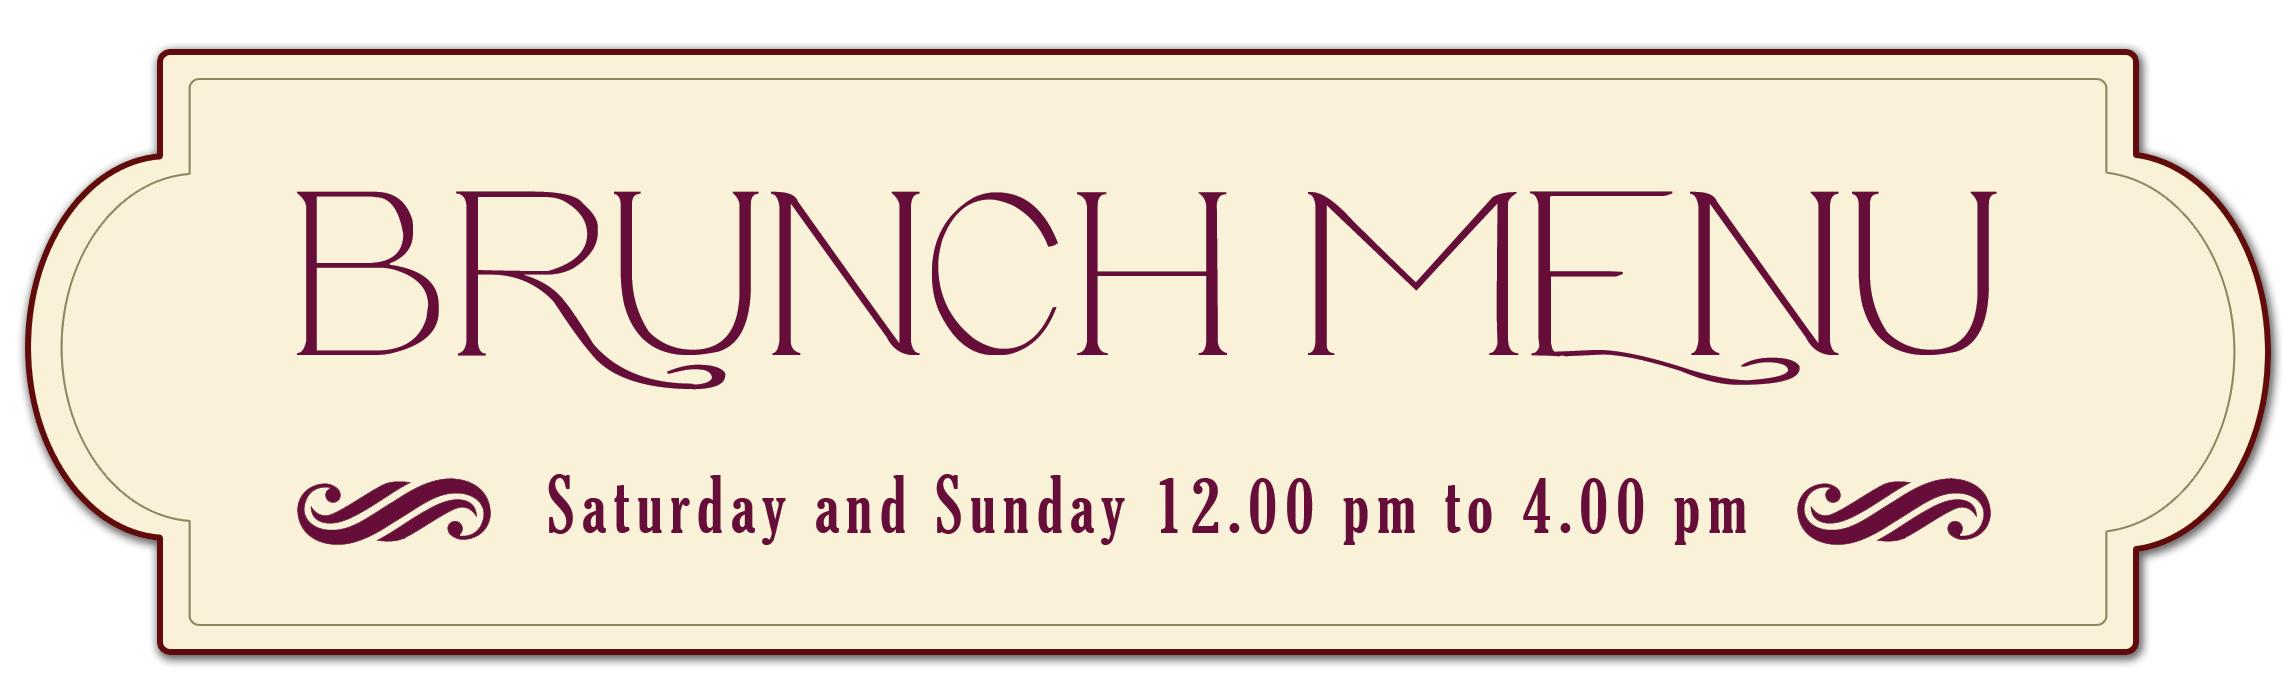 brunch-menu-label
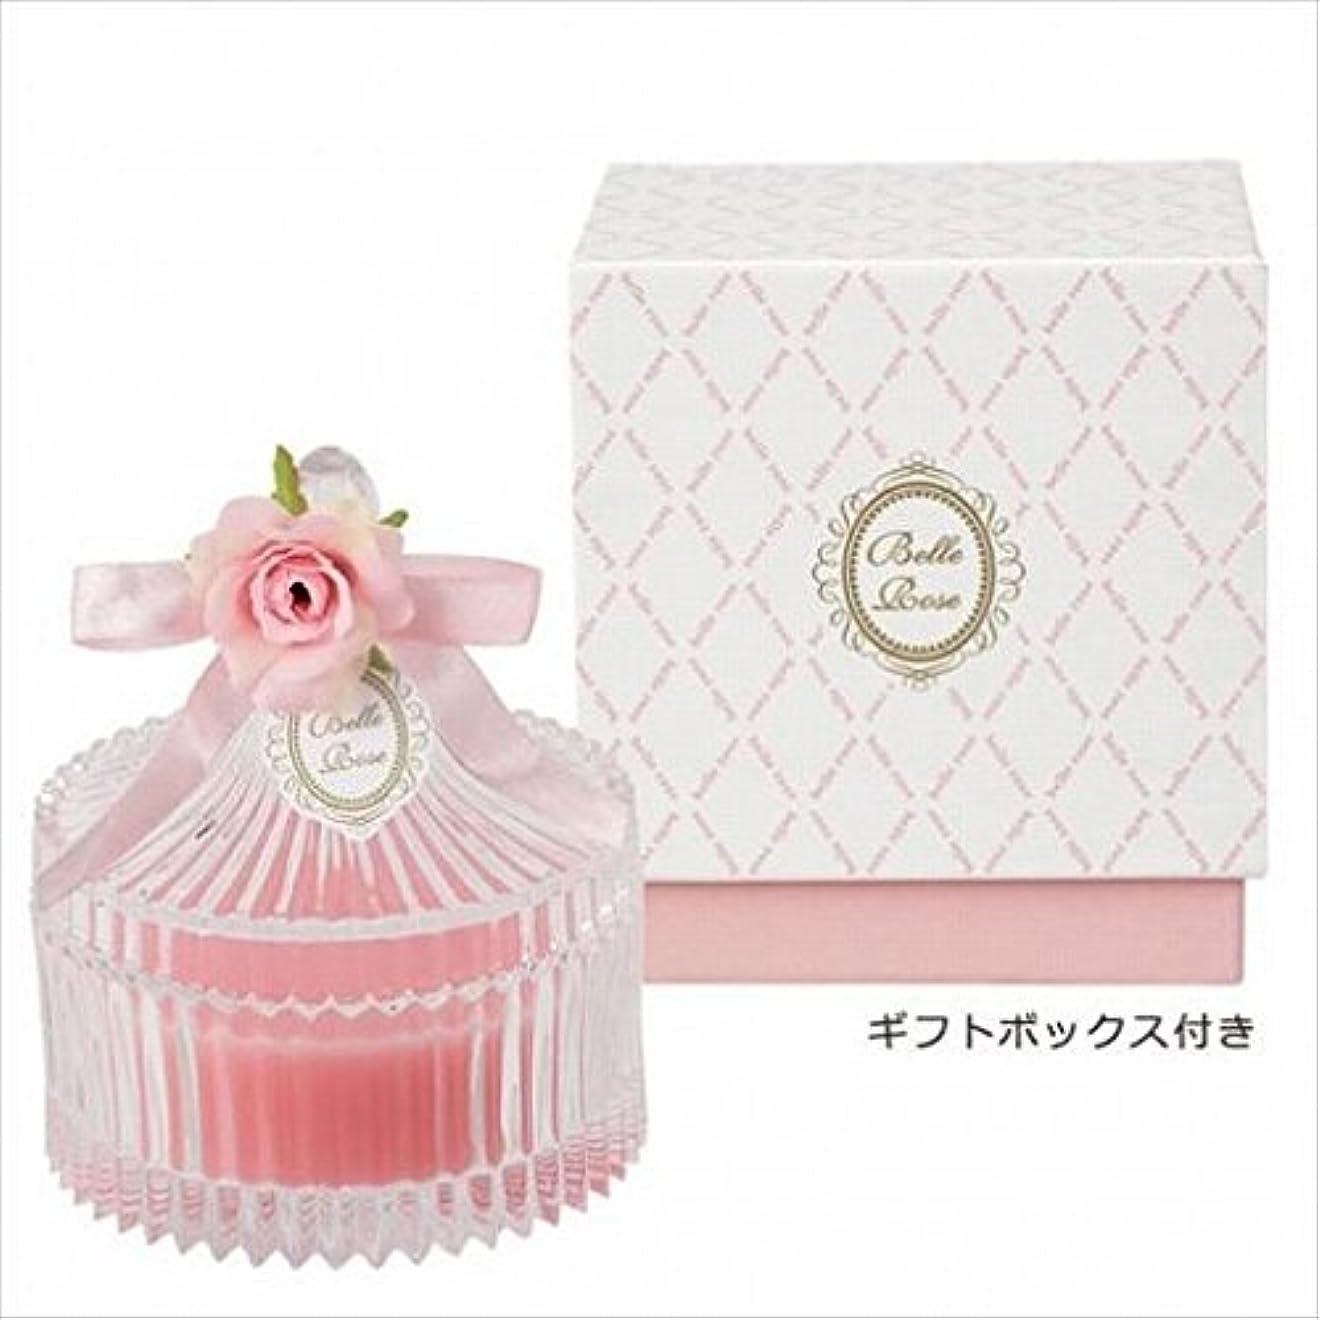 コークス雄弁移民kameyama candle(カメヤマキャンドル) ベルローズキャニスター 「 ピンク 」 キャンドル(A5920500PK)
==
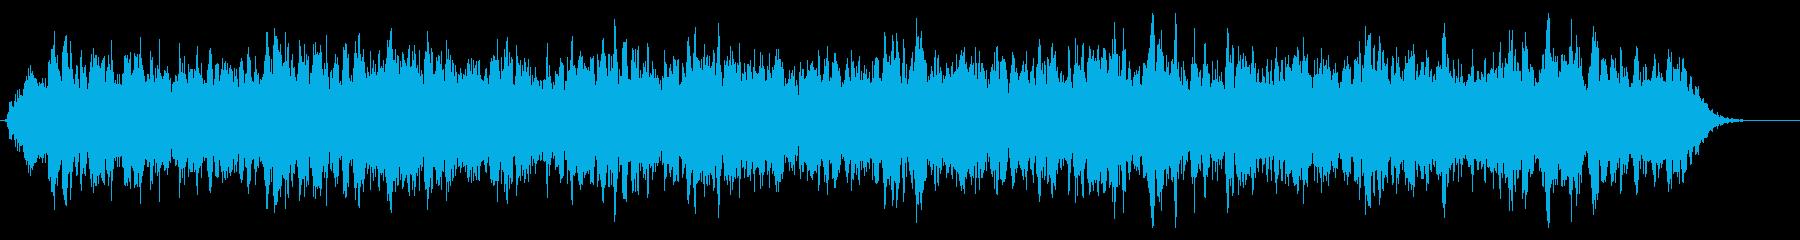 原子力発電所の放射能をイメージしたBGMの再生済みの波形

The problem >> Print exactly the lines above that run from the one with "brunch-menu-label" to the one with "コークス雄弁移民kameyama candle(カメヤマキャンドル) ベルローズキャニスター", both included. No pictures.

Written answer >>
 brunch-menu-label
 コークス雄弁移民kameyama candle(カメヤマキャンドル) ベルローズキャニスター 「 ピンク 」 キャンドル(A5920500PK)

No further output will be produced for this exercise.